John A. Humbach (Pace University School of Law) has posted "Justice and the 'Mental Causation' Fallacy" on SSRN. Here is the abstract:
A key justification for modern criminal justice practices is premised on a logical fallacy and is ripe for review. This article takes direct aim at the criminal law’s pre-scientific supposition of “mental causation,” which is the primary basis for holding that people “deserve” to suffer and the most serious barrier to acceptance of neuroscience in criminal justice reform.
* * * *
Mental causation is a foundational assumption of modern criminal justice. The law takes it for granted that wrongdoers “deserve” punishment because their acts are caused by intentions, reasons and other mental states. A growing body of neuroscience evidence shows, however, that human behavior, like that of all other animals with brains, is produced by observable physiological activity in the brain and central nervous system—all in accordance with ordinary physical laws. Beyond these ordinary physiological interactions and processes, no hypothesis of mental causation is required to causally explain behavior.

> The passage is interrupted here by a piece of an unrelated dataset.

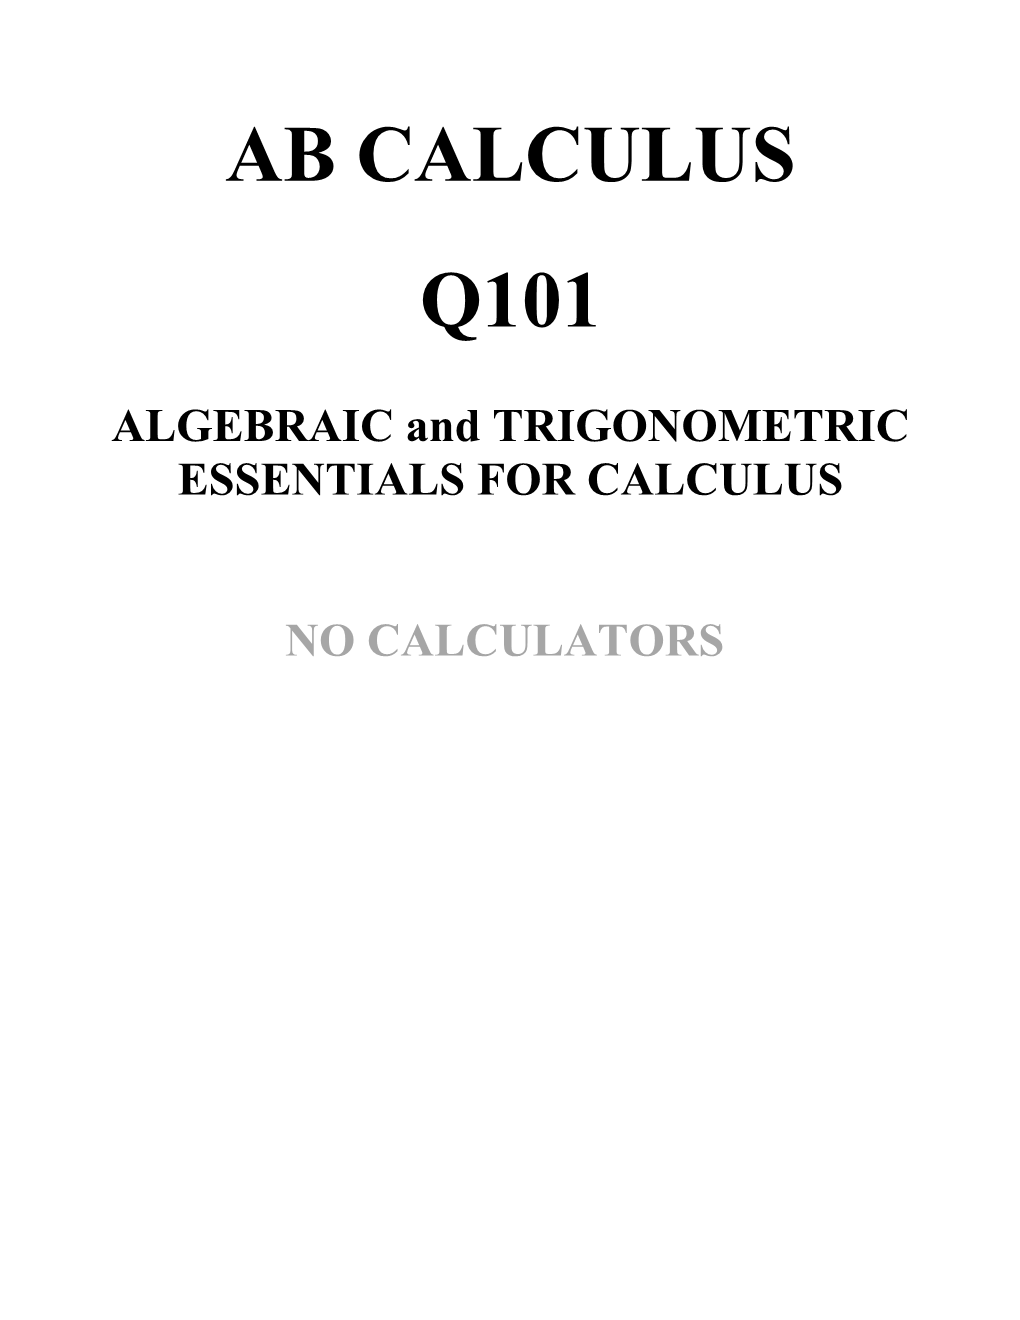 ALGEBRAIC and TRIGONOMETRIC ESSENTIALS for CALCULUS

Despite the evidence, neuroskeptics insist that intentions, reasons and other mental states can play a causal role in producing human behavior. The evidentiary case for mental causation turns out, however, to be premised on a well-known logical fallacy, post hoc ergo propter hoc. Meanwhile, based on the best explanation of all the evidence and data, mental causation almost certainly cannot and does not occur. Therefore, if mental causation is indeed the basis on which offenders are deemed to be responsible and to deserve suffering as punishment, the case for criminal responsibility and current punishment practices is fatally defective.

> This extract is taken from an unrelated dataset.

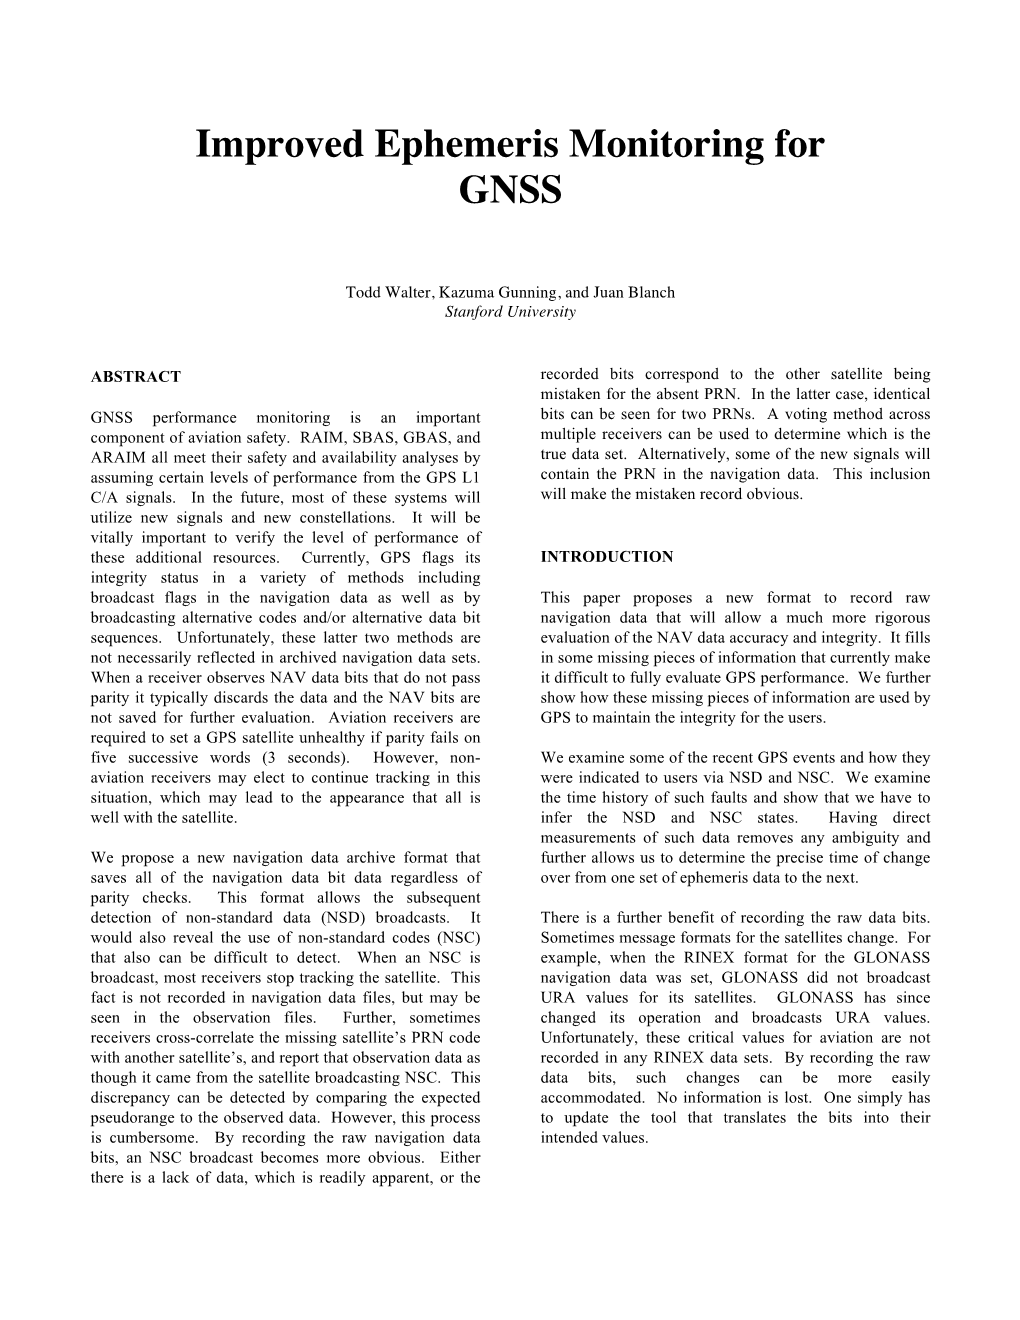 Improved Ephemeris Monitoring for GNSS

To be sure, society will likely always need to use coercive measures to deal with individuals who pose dangers and risks that are too socially intolerable to allow. The findings of neuroscience suggest, however, that these measures should be justified on bases that do not presuppose that offenders “deserve” suffering due to mental causation. Even while coercive measures to protect public safety are a practical and moral necessity, their nature and quality may be very different if they no longer are predicated on the premise that people “deserve” to suffer hardship, misery and deprivation purposely inflicted by the state.